The expected result is the full listing, retyped exactly, without a single picture.

Segment Start: RECORDED DATA

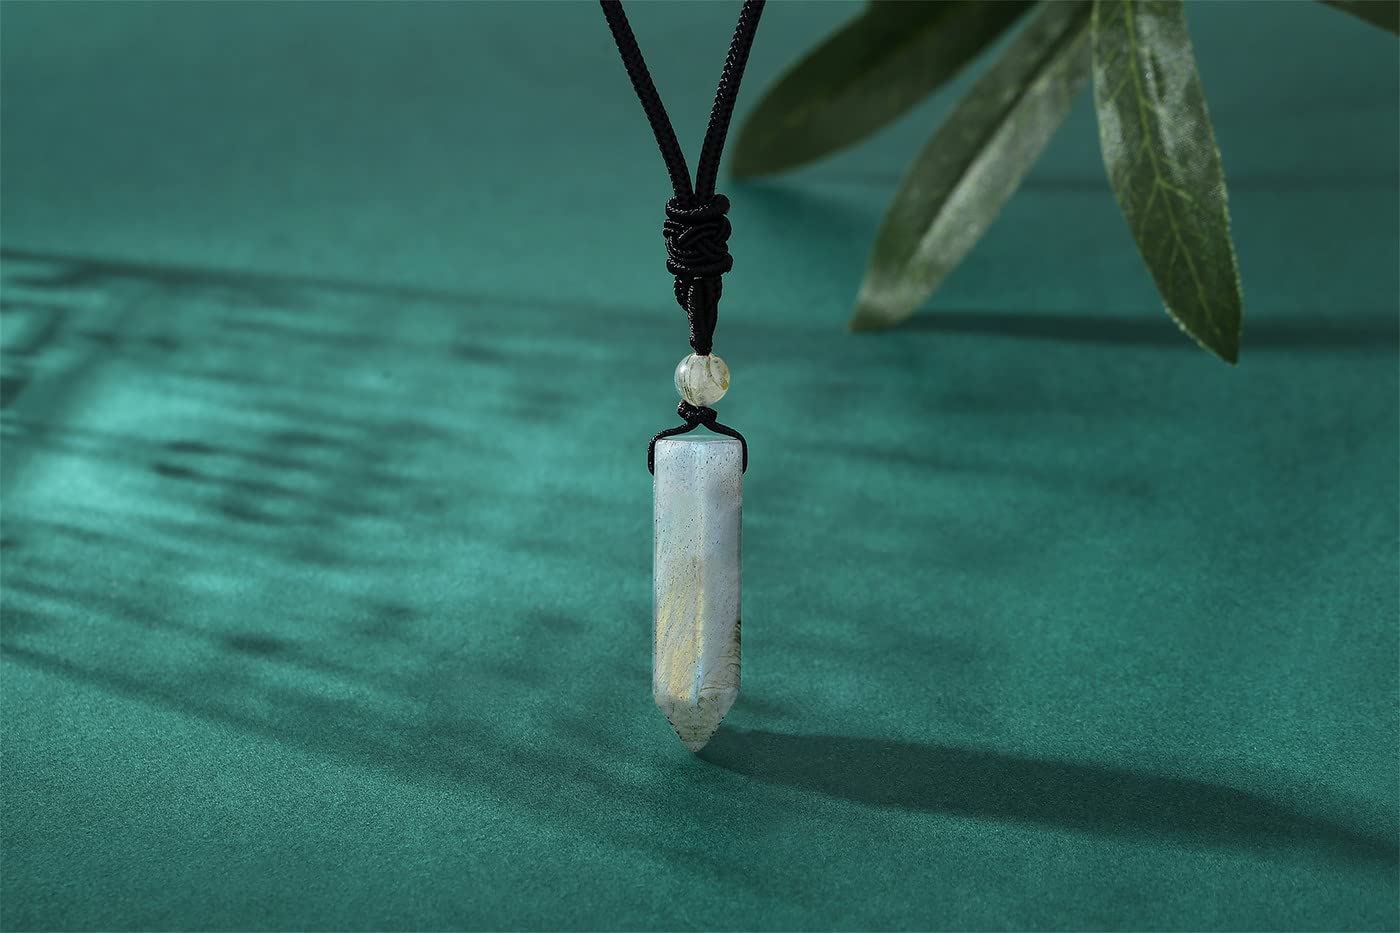 XIANNVXI Crystal Necklace for Men Women Adjustable Rope Hexagonal Point Healing Crystal Natural Stone Pendant Necklaces Gemstone Jewelry
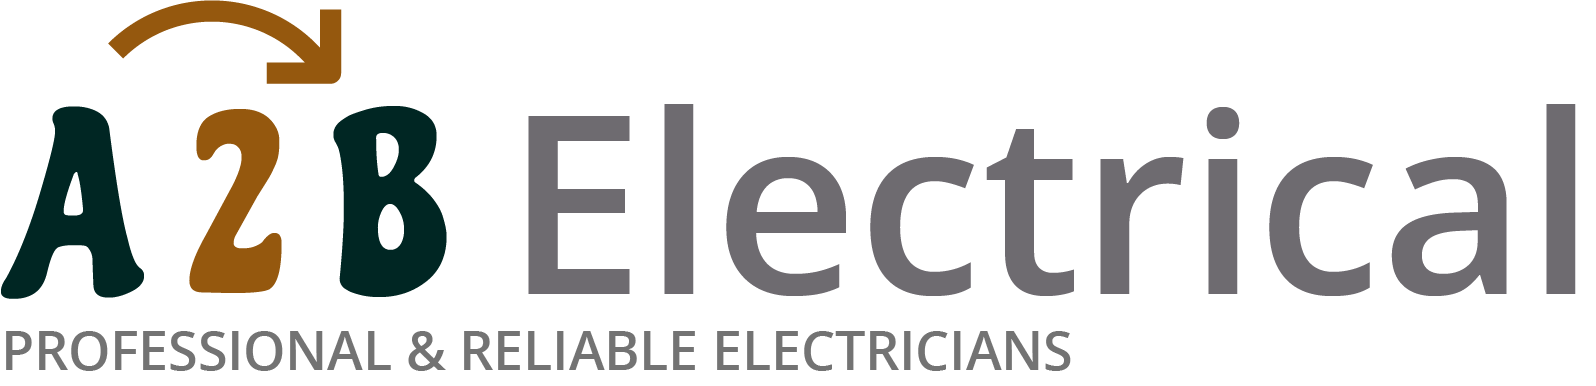 If you have electrical wiring problems in Dereham, we can provide an electrician to have a look for you. 
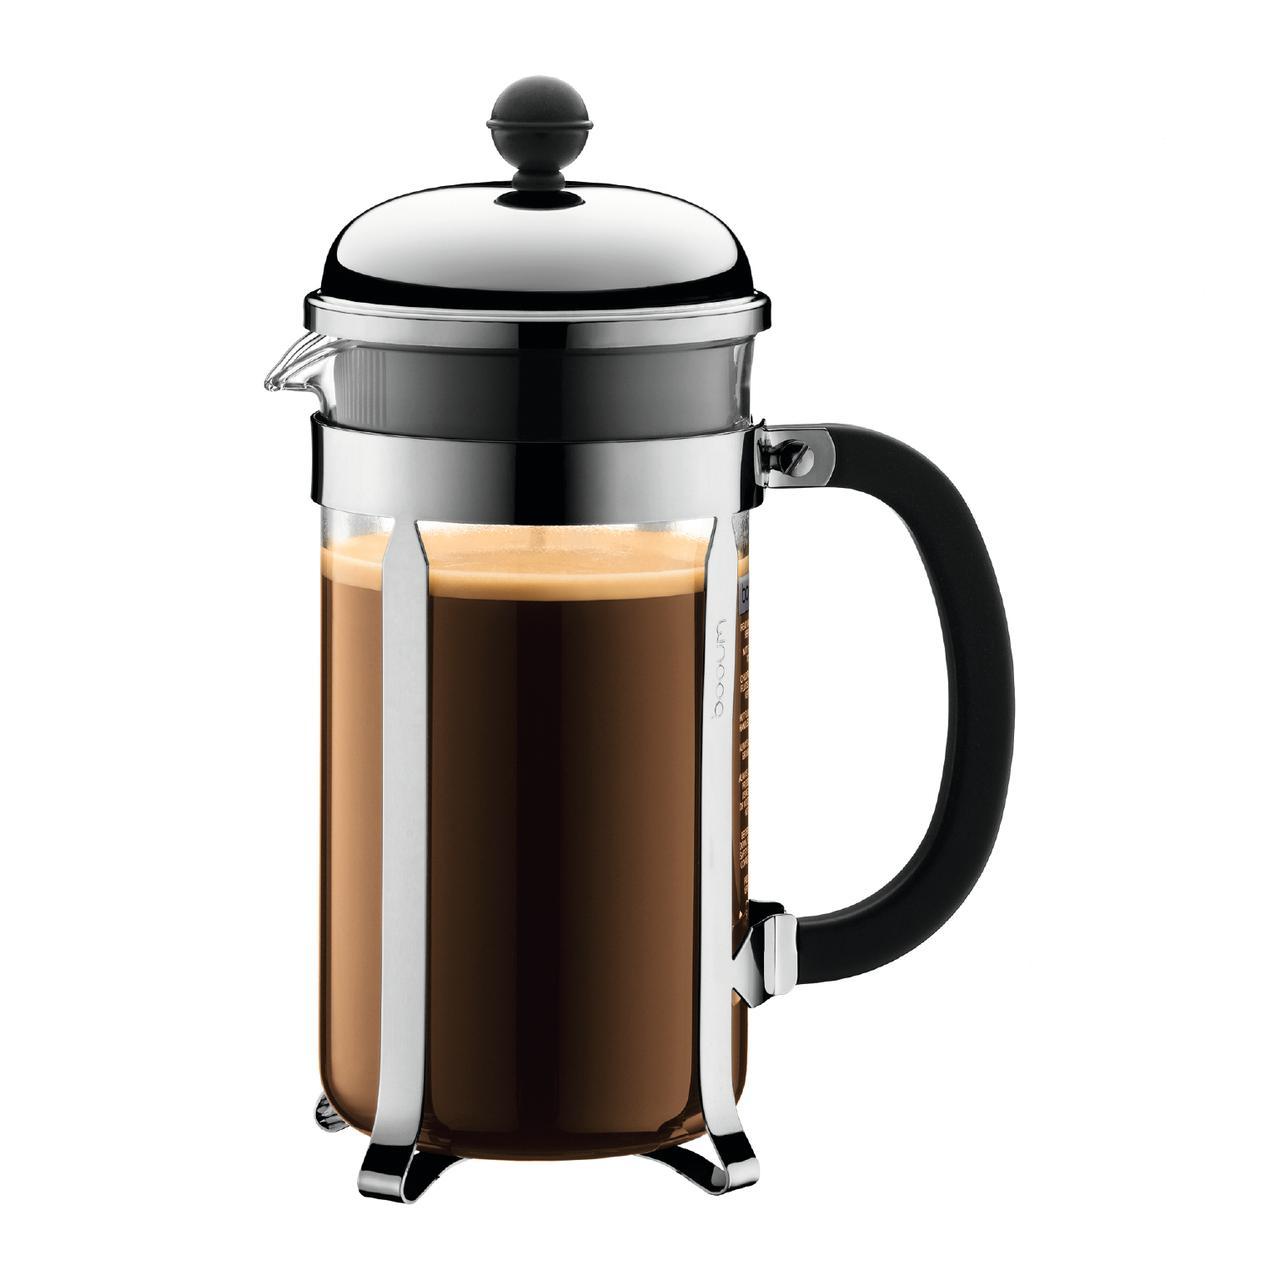 Bodum Chambord 8-Cup French Press Coffee Maker for $21.59
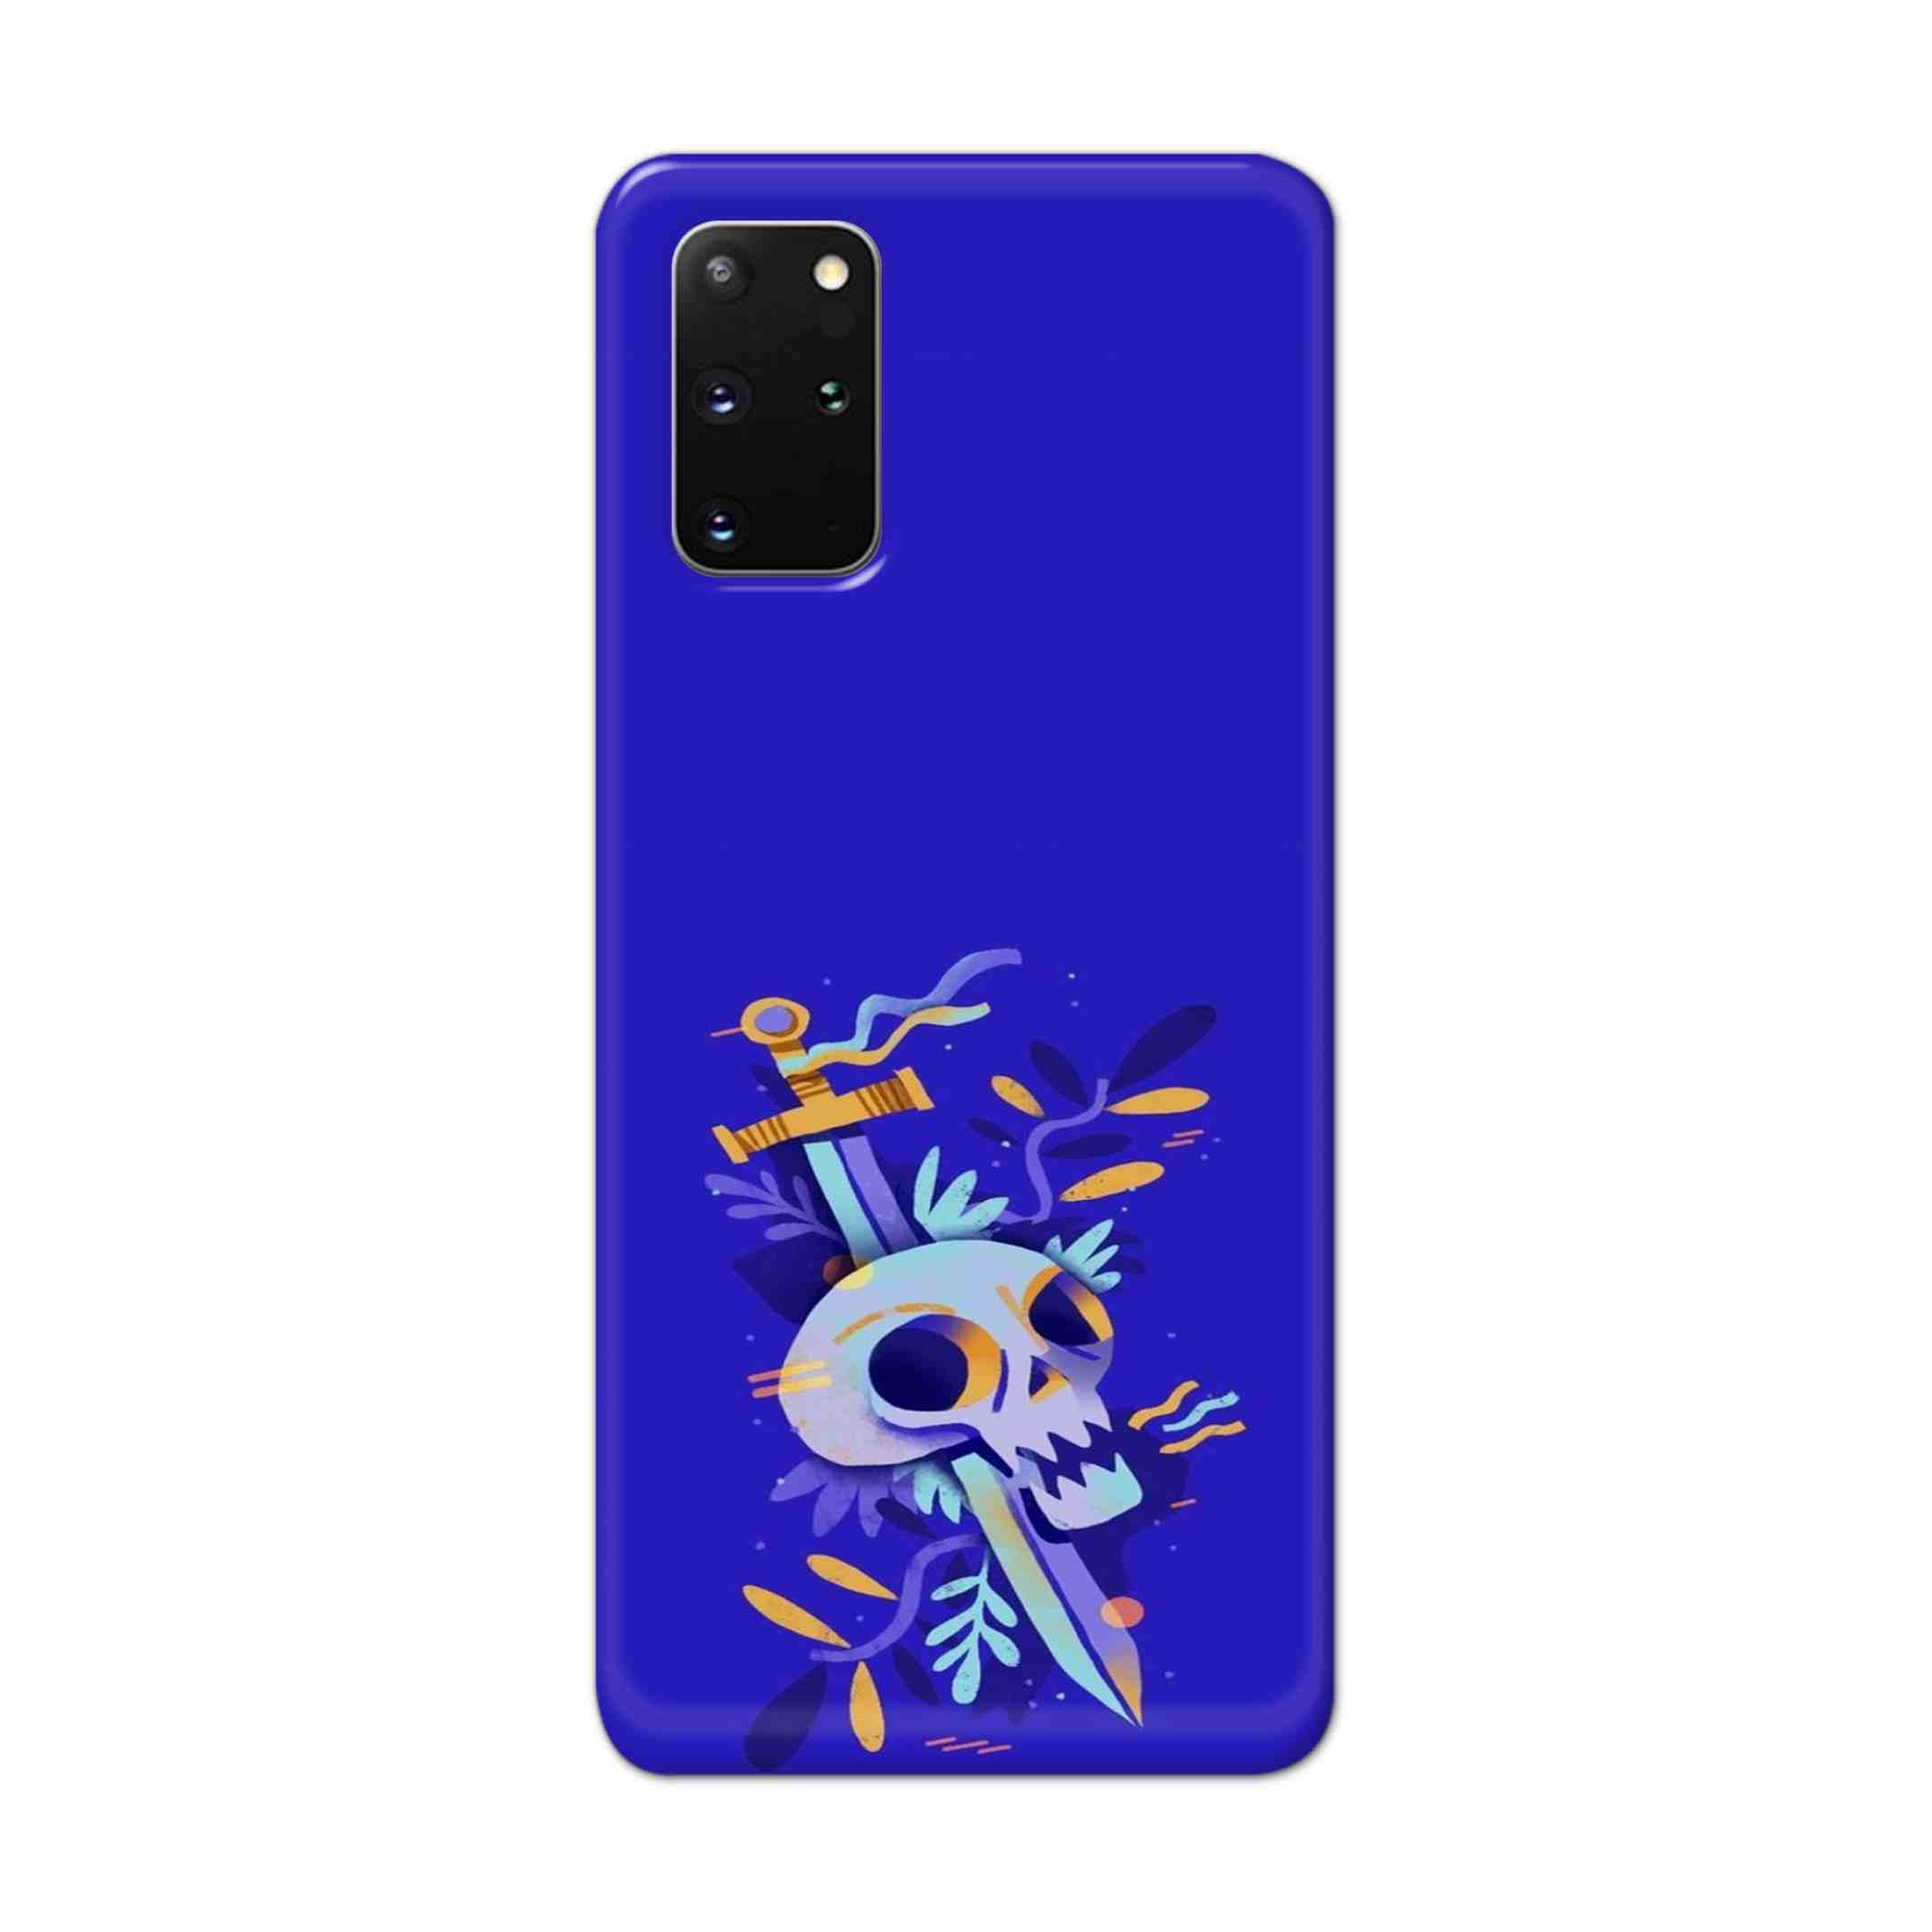 Buy Blue Skull Hard Back Mobile Phone Case Cover For Samsung Galaxy S20 Plus Online

Segment End: RECORDED DATA

• _COMPLETED EXERCISE_:
 XIANNVXI Crystal Necklace for Men Women Adjustable Rope Hexagonal Point Healing Crystal Natural Stone Pendant Necklaces Gemstone Jewelry
 If you have electrical wiring problems in Dereham, we can provide an electrician to have a look for you. 
 Bodum Chambord 8-Cup French Press Coffee Maker for $21.59
 Buy Blue Skull Hard Back Mobile Phone Case Cover For Samsung Galaxy S20 Plus Online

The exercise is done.